Pude ver então a jovem que estava sentada, confessando-se, porém não diante

do sacerdote mas diante do próprio Jesus. Eu não via o sacerdote, era Jesus que

havia tomado seu lugar. Via o Senhor de perfil, com as mãos entrelaçadas como

em oração, enquanto apoiava sobre elas o queixo; mas Sua atitude era de escuta

atenta.

Atrás da moça e perto da porta da sala estava o grupo de pessoas entre as

quais se reconhecia uma monja, vestida de azul e com véu negro. Perto dela, sobressaía

um Anjo com as asas muito grandes, uma figura majestosa, com uma

grande lança na mão direita, olhado à esquerda e à direita, em atitude de alerta.

Pensei que poderia ser São Miguel Arcanjo, ou algum capitão de sua Milícia Celeste.

Ao fundo, à direita de Jesus e da jovem que se confessava, reconheci a Virgem

Maria, de pé, vestida como Nossa Senhora do Perpétuo Socorro, com um traje que

parecia de seda, cor de pérola, e um manto de cor “tostada”, ou de caramelo, com

os emblemas que essa imagem usualmente tem.

Dois anjos muito altos, de pé, sustinham suas lanças em uma das mãos, observando

de maneira atenta, assim como o Anjo da porta. Estavam vigilantes e alertas,

como se custodiando a Virgem, que permanecida de pé com as mãos em oração,

olhando para o céu, enquanto eles pareciam vigiar todo o recinto.

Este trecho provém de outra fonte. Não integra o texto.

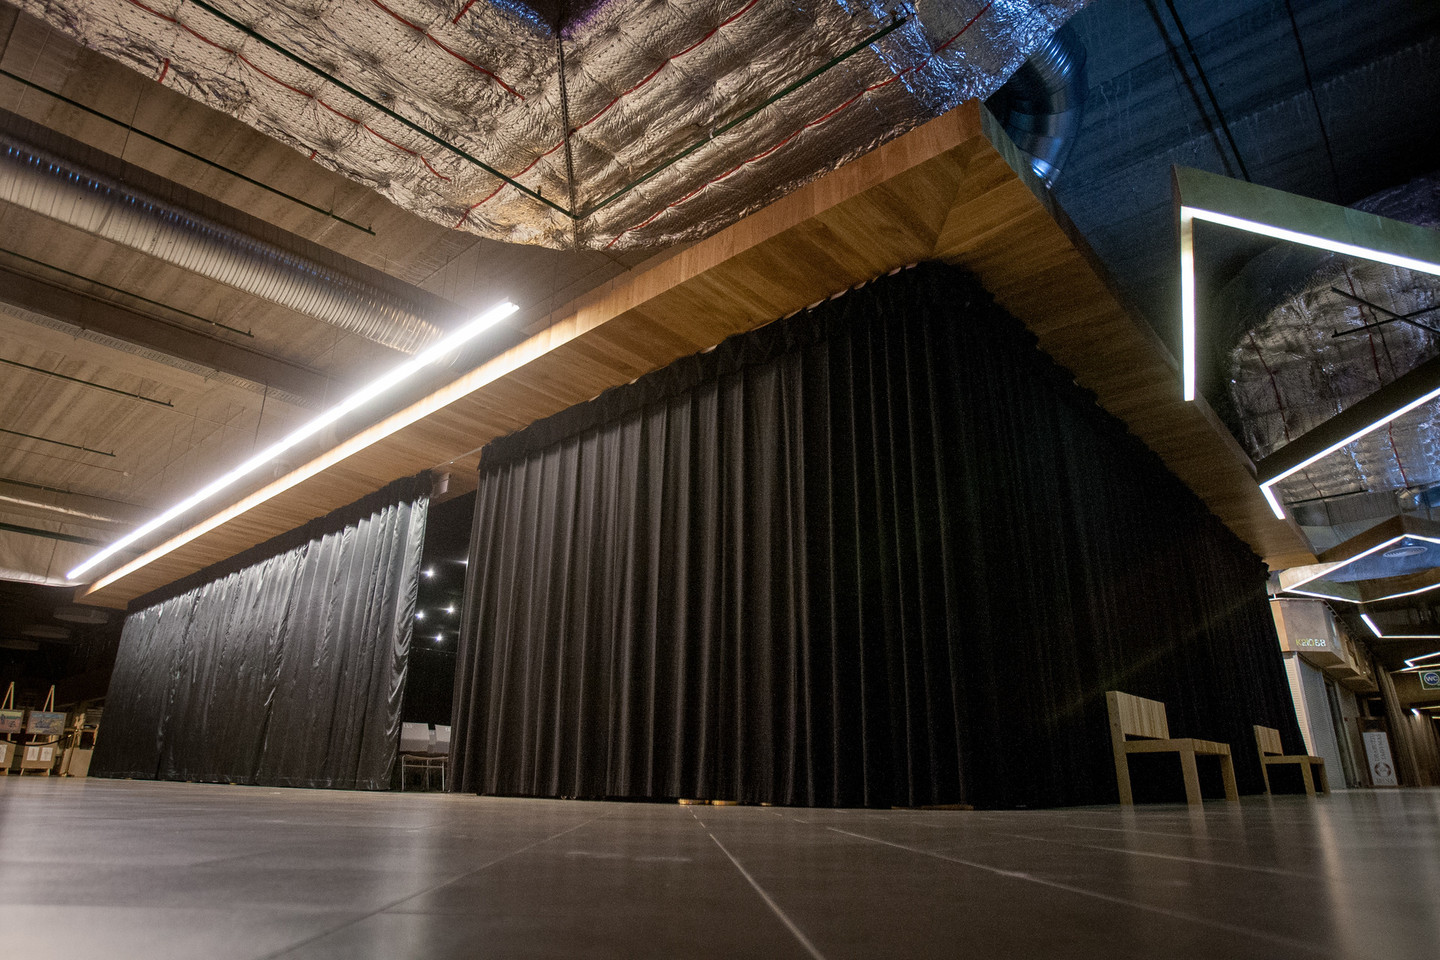 Mobili koncertų salė Gariūnuose atitinka reikiamus akustikos reikalavimus, tačiau čia telpa tik kiek daugiau nei 200 žiūrovų.<br>D.Umbraso nuotr.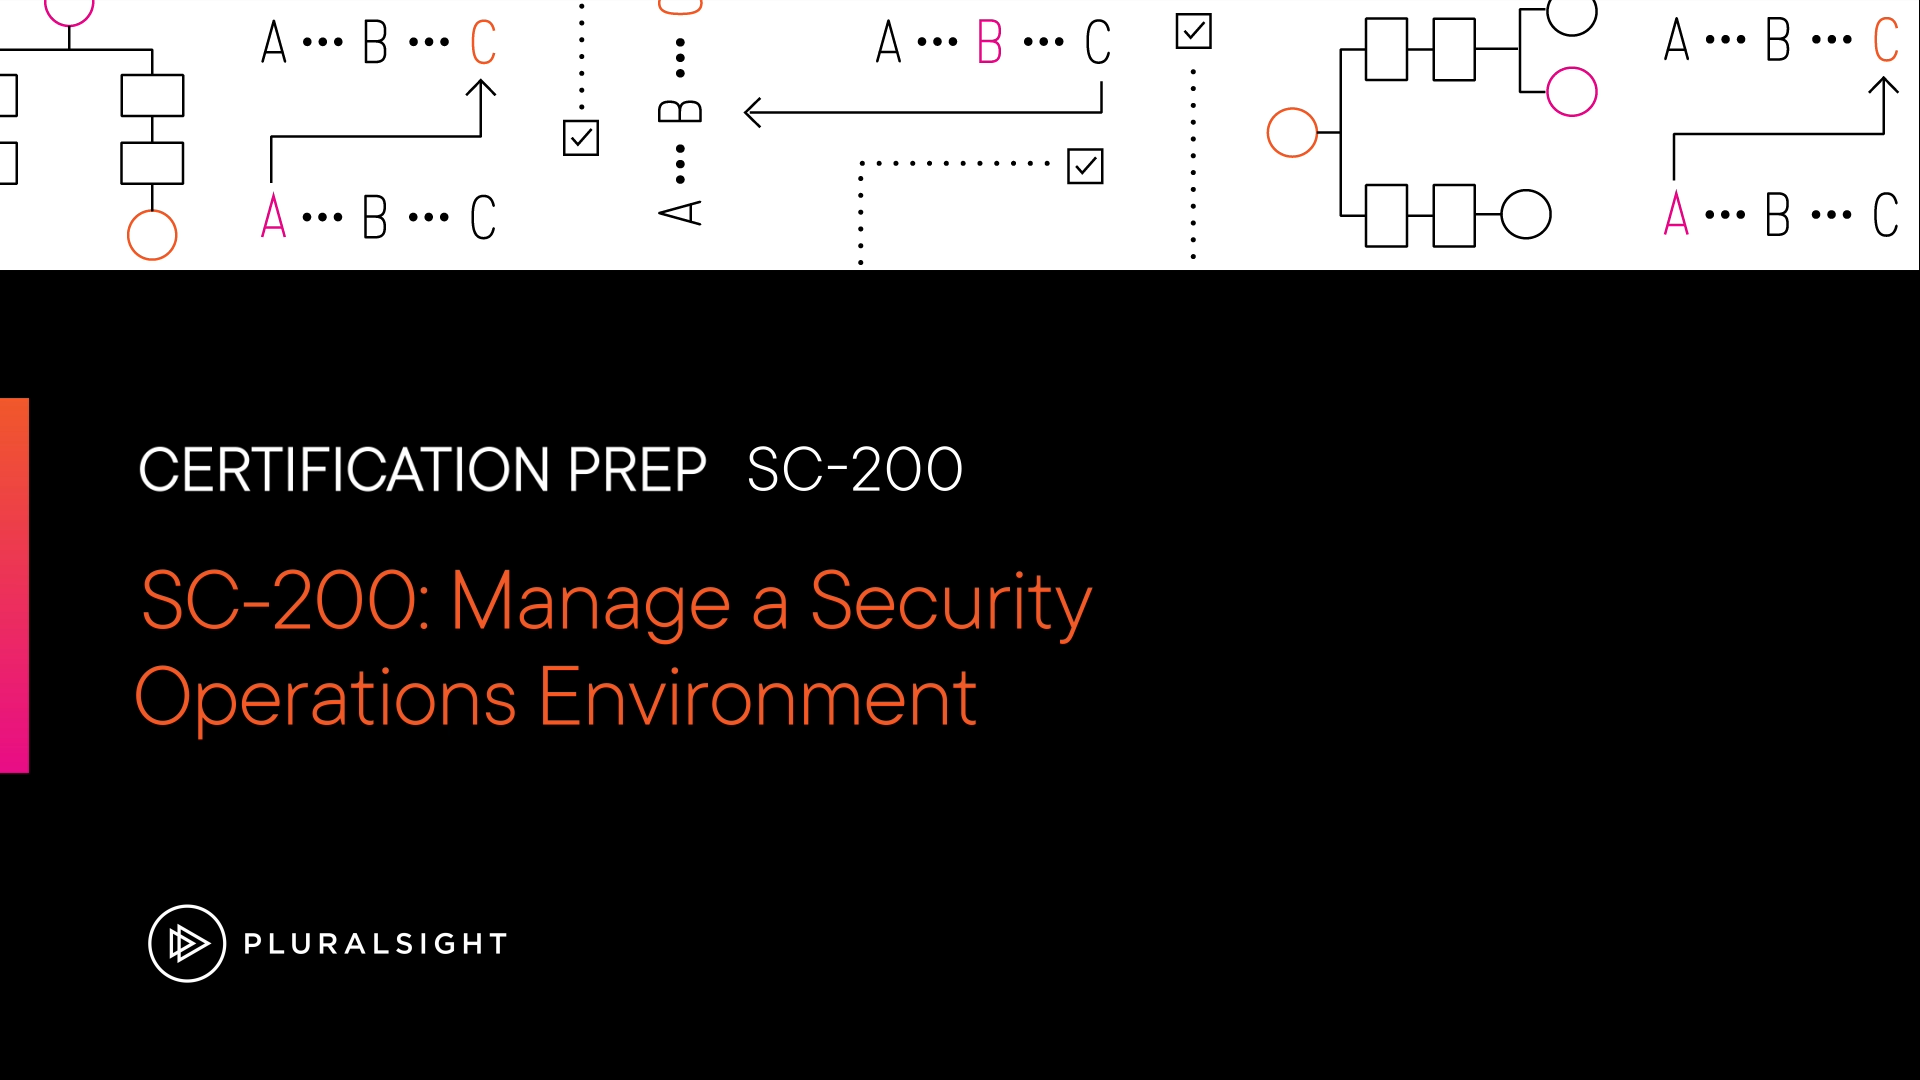 آموزش SC-200: مدیریت یک محیط عملیات امنیتی

Havia muitos anjos pequenos que iam e vinham, como se fossem transparentes.

Em dado momento, Jesus levantou a mão direita, dirigindo a palma a certa distância

da cabeça da jovem. Toda Sua mão estava cheia de luz, dela saíam raios

dourados que a cobriam inteiramente com todo esplendor, transformando-a. Eu

via como o rosto da penitente ia mudando, como se lhe tirassem uma máscara...

Vi como esse rosto duro de antes se transformava em outro mais nobre, doce e

pacífico.

No momento em que o Senhor lhe dava a absolvição, Nossa Senhora fez uma

genuflexão e inclinou a cabeça e todos os seres que estavam ao seu redor fizeram

o mesmo. Jesus se pôs de pé, aproximou-se da penitente e então pude ver o sacerdote

sentado onde antes estava Jesus.

O Senhor abraçou a jovem e a beijou no rosto. Depois voltou-se, abraçou o sacerdote

e também o beijou no rosto. Nesse instante, tudo se encheu de intensa luz

que desapareceu como se ascendendo em direção ao teto ao mesmo tempo que

desaparecia toda a visão e me encontrava de novo olhando para a parede.

Depois de me haver concedido esta inusitada experiência mística, o Senhor me

falou, dizendo:

- Se soubésseis como se transforma uma alma que fez uma boa confissão, todos

os que estivessem próximos a ela a receberiam de joelhos, porque em virtude da

graça santificante, está cheia do Espírito Santo.

Quando a jovem saiu da confissão, senti um verdadeiro desejo de me ajoelhar

diante dela, mas a abracei com todo o meu amor, pois sabia que estava abraçando

a pessoa que o Senhor havia abraçado antes. Ela parecia diferente, muito mais

jovem e muito feliz. Relatei tudo ao meu diretor espiritual e permanecemos ambos

em oração, dando graças a Deus.

À noite o Senhor me pediu que me preparasse para escrever o que havia visto,

em uma publicação dedicada ao Sacramento da Misericórdia: a

Reconciliação que é o presente texto.